18. OOM Errors

Chapter 18 of 20 · 20 min

Out-of-memory (OOM) errors occur when the model requires more VRAM or system RAM than is available. This chapter covers preventing and handling OOM situations.

Symptoms

  • CUDA out of memory error during model loading
  • Error: resource exhausted in API responses
  • Ollama crashes or restarts
  • System becomes unresponsive

Understanding Memory Requirements

Each model has a VRAM requirement based on parameter count and quantization:

Model Parameters Quantization VRAM Required
llama3.2:1b 1B Q4_K_M ~700 MB
llama3.2:3b 3B Q4_K_M ~2 GB
llama3.2:8b 8B Q4_K_M ~5 GB
codellama:13b 13B Q4_K_M ~8 GB
llama3.2:70b 70B Q4_K_M ~40 GB

Multi-GB models often need 8-24 GB of VRAM. System RAM is used when VRAM is insufficient, but this dramatically slows inference.

Reducing Memory Usage

Use smaller or more quantized models:

ollama run llama3.2:1b  # 700 MB VRAM
ollama run llama3.2:3b  # 2 GB VRAM

Reduce context window size:

ollama run llama3.2:3b --param num_ctx 1024

Smaller context uses less memory for the KV cache.

Limit GPU layers:

ollama run llama3.2:8b --param num_gpu 24

Offloading layers to CPU reduces VRAM usage at the cost of speed.

System Memory Limits

Ollama has a maximum memory setting:

# Linux/macOS - limit to 8 GB system RAM
export OLLAMA_MAX_LOADED_MODELS=1
ollama serve

# Windows PowerShell
$env:OLLAMA_MAX_LOADED_MODELS = "1"
ollama serve

Handling OOM in API Requests

When generating with long contexts, the KV cache grows. If you see OOM errors during generation, reduce prompt size or clear conversation history.

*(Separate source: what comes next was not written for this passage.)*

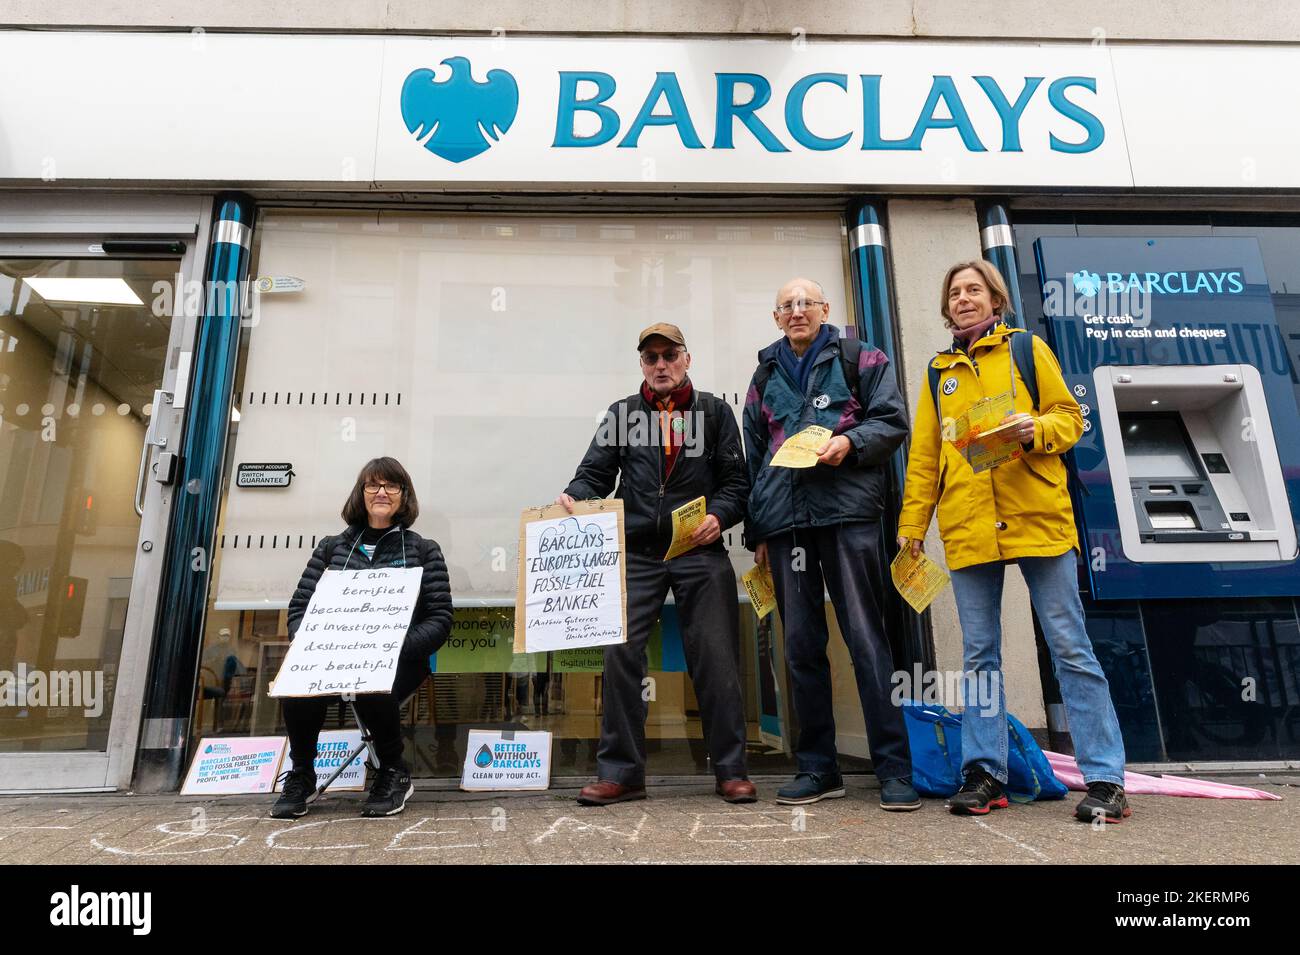 London, UK. 14 November 2022. Climate activists from Extinction Rebellion and Money Rebellion protest outside Barclays branch in Tooting, south London, in a UK wide campaign called 'Better without Barclays. Protesters are holding a placard that denounce Barclays investing in fossil fuels. Credit: Andrea Domeniconi/Alamy Live News Stock Photo

from ollama import chat, Client

client = Client(host='http://localhost:11434')

try:
    response = client.chat(model='llama3.2:3b', messages=[
        {'role': 'user', 'content': 'Very long prompt...' * 100}
    ])
except Exception as e:
    if 'out of memory' in str(e).lower():
        print("Reduce prompt size or context window")
    raise

Monitoring Memory

Watch memory usage while running:

# NVIDIA GPU memory
watch -n 1 nvidia-smi

# System RAM
watch -n 1 free -h

When approaching limits, stop unused models:

ollama stop llama3.2:8b

Docker Memory Limits

services:
  ollama:
    image: ollama/ollama:latest
    deploy:
      resources:
        limits:
          memory: 8G
    # ...

Without proper limits, the container can consume all system memory and trigger OOM killer.

EXERCISE

Start monitoring memory with watch -n 1 nvidia-smi (or free -h on CPU-only systems). Load a model and watch memory usage. Try loading a second model and observe what happens.